Assigned task: Each line that holds the string "solid" counts once. Say how many such lines the entries have, giving the number only.

Data entries:
= Beginning of Section =

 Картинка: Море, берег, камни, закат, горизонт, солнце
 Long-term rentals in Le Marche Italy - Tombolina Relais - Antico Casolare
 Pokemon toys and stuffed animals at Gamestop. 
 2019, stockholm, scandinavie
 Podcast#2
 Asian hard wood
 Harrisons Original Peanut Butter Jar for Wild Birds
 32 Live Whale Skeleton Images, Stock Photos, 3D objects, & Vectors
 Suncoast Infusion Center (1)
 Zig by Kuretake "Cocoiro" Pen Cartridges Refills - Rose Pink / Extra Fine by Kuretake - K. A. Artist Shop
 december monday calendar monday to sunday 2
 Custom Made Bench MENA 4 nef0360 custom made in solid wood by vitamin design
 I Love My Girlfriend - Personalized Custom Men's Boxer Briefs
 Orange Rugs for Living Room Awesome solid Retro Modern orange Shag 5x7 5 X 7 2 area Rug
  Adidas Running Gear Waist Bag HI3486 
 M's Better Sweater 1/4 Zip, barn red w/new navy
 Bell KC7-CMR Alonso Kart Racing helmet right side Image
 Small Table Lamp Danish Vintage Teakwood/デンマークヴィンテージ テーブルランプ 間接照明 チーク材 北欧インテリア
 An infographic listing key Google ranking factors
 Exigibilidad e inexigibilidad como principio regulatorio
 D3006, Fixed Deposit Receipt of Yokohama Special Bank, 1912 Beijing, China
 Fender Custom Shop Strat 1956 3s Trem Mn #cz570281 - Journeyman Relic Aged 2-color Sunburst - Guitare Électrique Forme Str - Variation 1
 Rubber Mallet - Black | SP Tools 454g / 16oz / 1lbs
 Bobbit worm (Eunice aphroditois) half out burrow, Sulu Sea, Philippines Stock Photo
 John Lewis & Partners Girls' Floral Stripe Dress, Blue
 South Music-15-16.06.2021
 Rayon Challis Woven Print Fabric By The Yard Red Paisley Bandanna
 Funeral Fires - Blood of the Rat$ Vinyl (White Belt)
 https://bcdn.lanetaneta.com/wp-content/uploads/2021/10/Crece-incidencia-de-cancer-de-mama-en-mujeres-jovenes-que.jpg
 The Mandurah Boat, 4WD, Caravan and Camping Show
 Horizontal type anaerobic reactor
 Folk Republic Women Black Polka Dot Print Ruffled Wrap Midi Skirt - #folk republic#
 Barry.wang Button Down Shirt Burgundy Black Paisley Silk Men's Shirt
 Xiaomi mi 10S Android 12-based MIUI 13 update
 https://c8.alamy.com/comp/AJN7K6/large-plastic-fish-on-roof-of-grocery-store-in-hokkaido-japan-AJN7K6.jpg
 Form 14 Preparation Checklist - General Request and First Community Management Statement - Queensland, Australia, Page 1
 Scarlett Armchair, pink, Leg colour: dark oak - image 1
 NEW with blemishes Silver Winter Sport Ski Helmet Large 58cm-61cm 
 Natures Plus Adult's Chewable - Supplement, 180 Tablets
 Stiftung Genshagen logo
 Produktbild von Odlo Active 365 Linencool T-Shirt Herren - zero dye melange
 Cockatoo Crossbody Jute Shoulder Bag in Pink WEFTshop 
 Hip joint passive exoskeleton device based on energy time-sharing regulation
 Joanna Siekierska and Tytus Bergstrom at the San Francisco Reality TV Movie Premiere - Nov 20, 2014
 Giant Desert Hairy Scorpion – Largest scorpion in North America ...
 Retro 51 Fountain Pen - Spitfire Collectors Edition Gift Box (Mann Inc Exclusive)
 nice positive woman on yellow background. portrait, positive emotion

= End of Section =

Solved problem: 2